Simply put. It takes. Money. To run. A company. And the advertising dollars for local media don't add up much better than for, say, the aforementioned local art movie house. After DNA Info and Gothamist disappeared a couple months ago after workers threatened to unionize, BKLNER. seemed all the more crucial.

So when Liena announced that she'd need to close up shop by end of this year if she didn't reach a threshold of subscribers (or in the parlance of non-profits "donors"). But like some Christmas miracle out of "It's a Wonderful Life" nearly 2000 hearty souls whipped out their plastic to sign up to make payments as low as $2 a month to keep the enterprise going - for now.

And to roll with this theme the Q just noticed that relatively longtime falafel stop NY Halal & Co just became Atomic Wings, probably to boost numbers.
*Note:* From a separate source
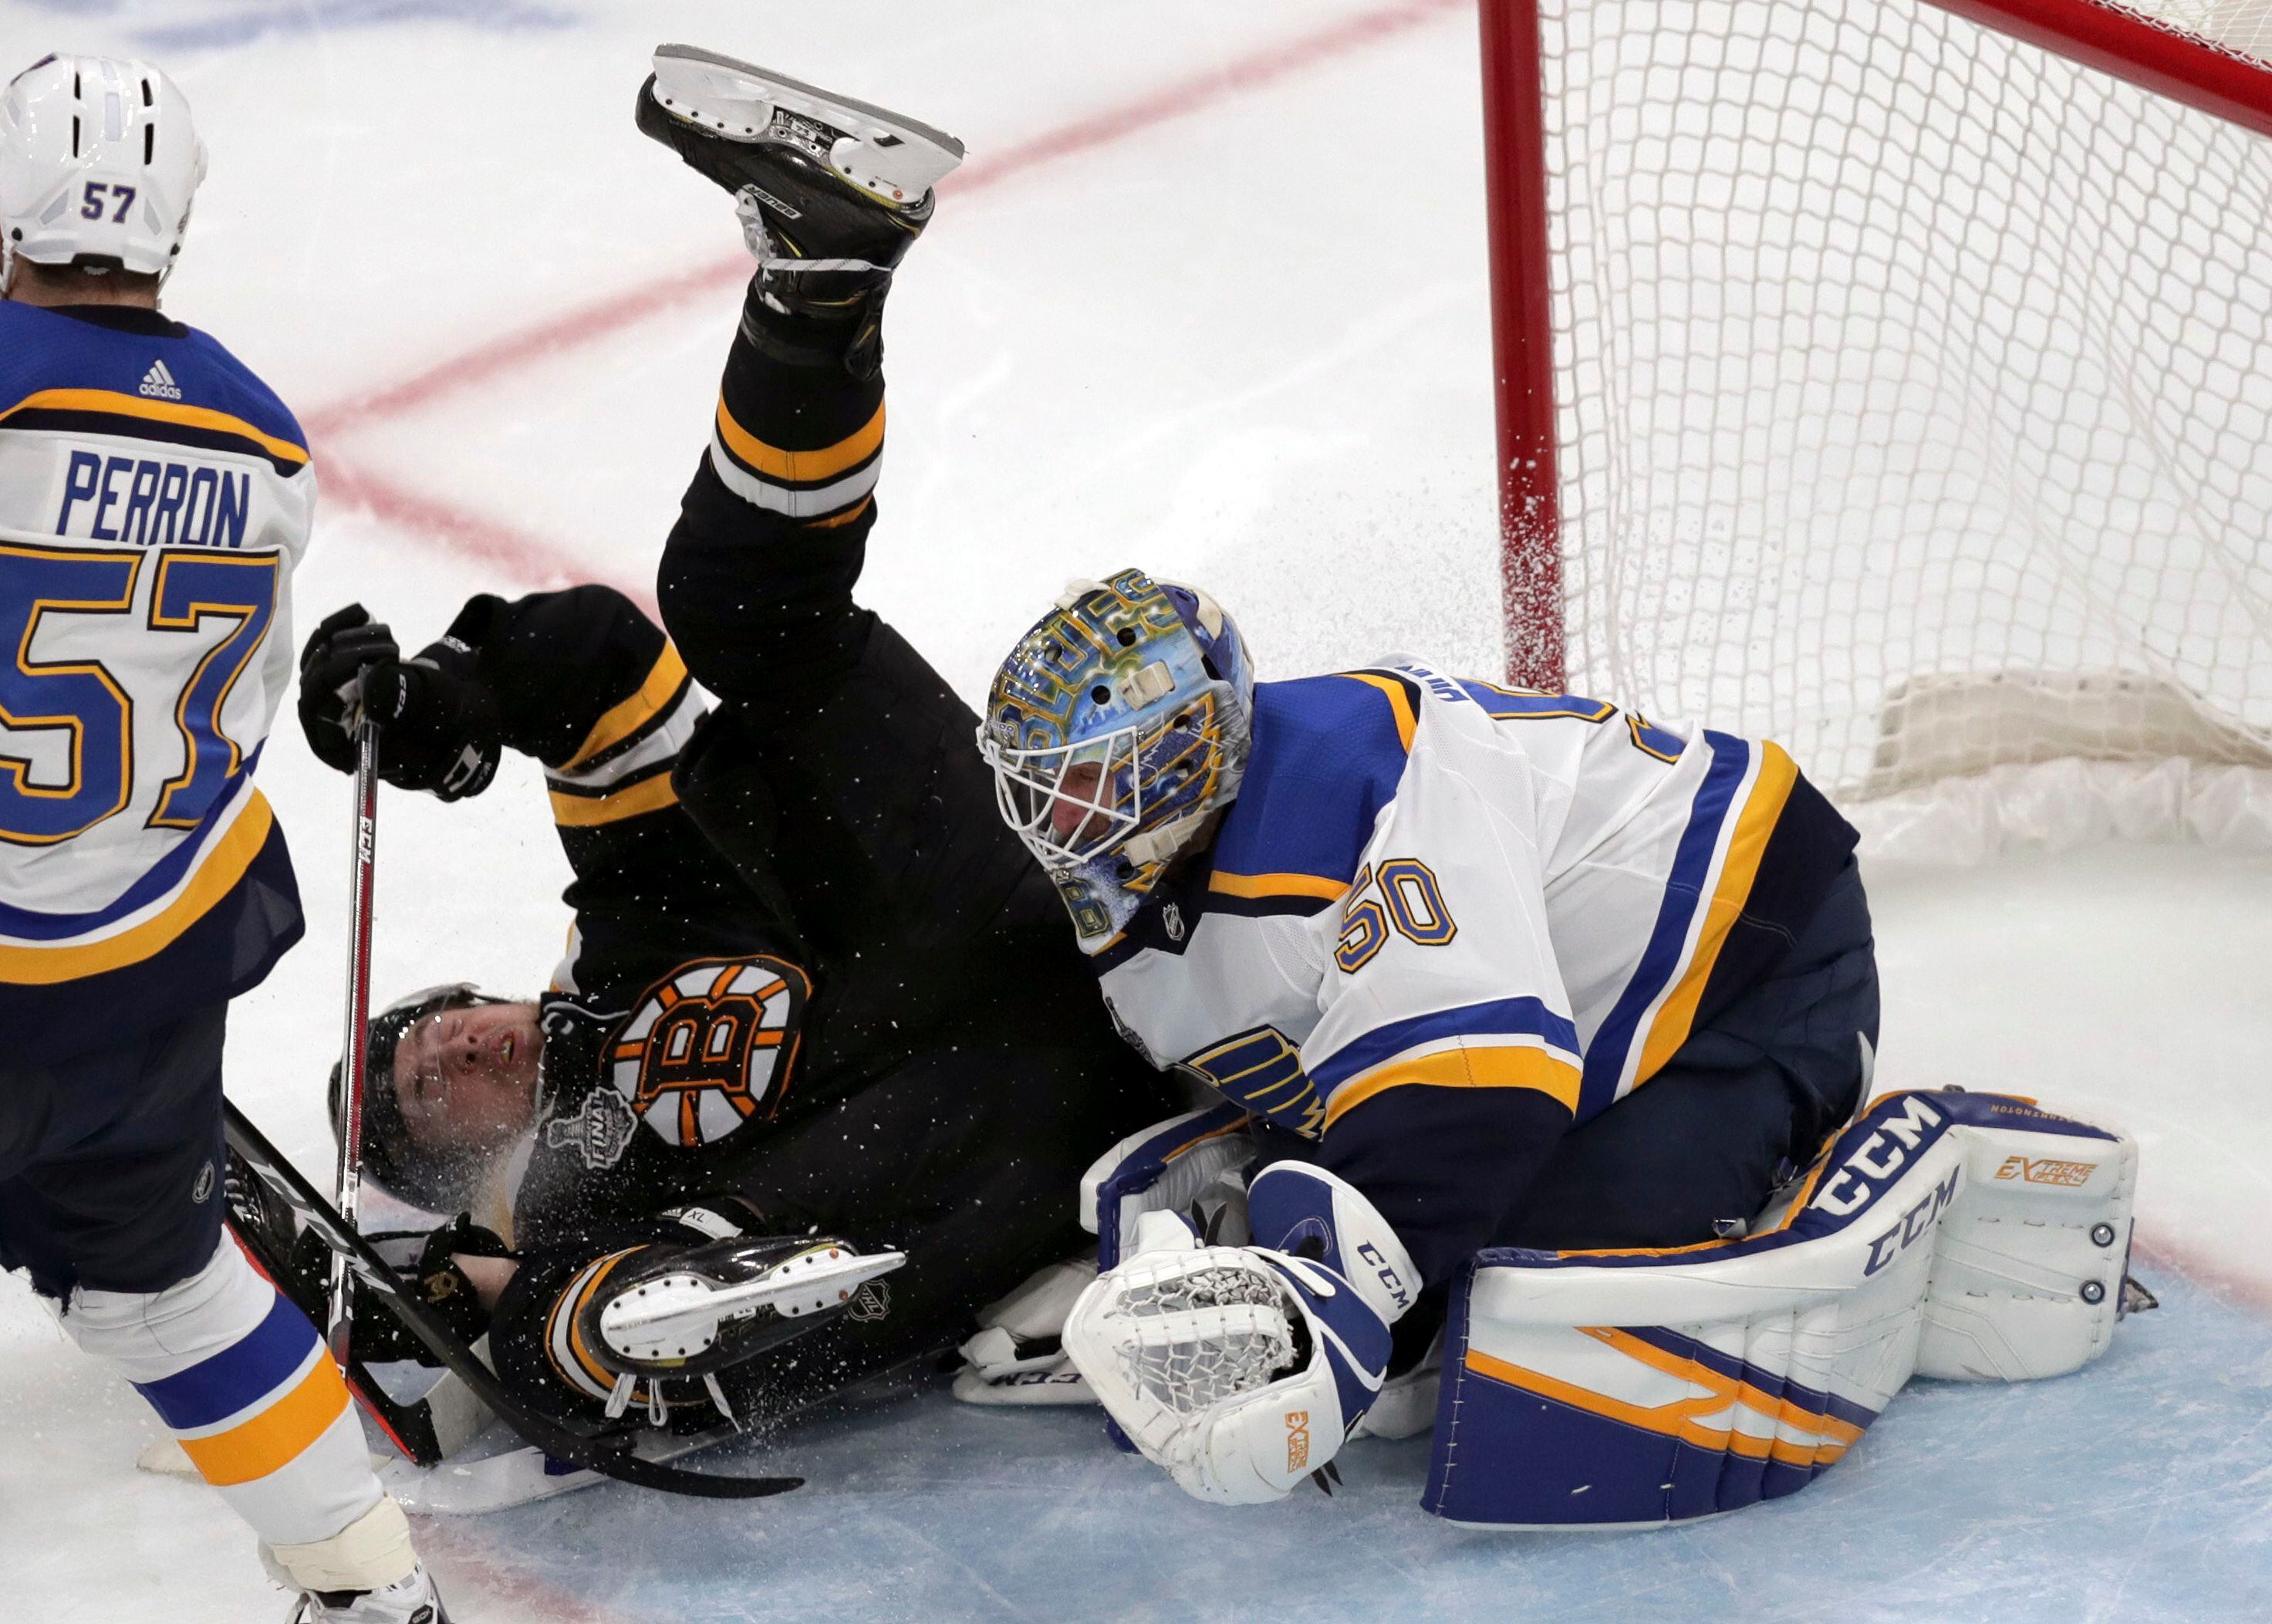 St. Louis Blues beat Boston Bruins, 4-1, to win first Stanley Cup

Shrewd move methinks. Folks love wings, even when they look like warmed over schmegg. Think on it. Someone had to actually stage and take this picture, and conclude it was a winner:


And tonight, the joint was still serving curries and lamb over rice. So maybe they're going to cash in on the Atomic chain name while still serving their Halal standbys. Apparently Atomic Wings is one of those joints that co-exists anyway. Like, you can be both an Atomic Wings and the Local Bar, or Atomic Wings and Le Haberdashery.

The Q's a big boy and he loves crappy food. But quite honestly, that picture is giving me a hankering for a fast at least til the break of said fast. As in, nighty night.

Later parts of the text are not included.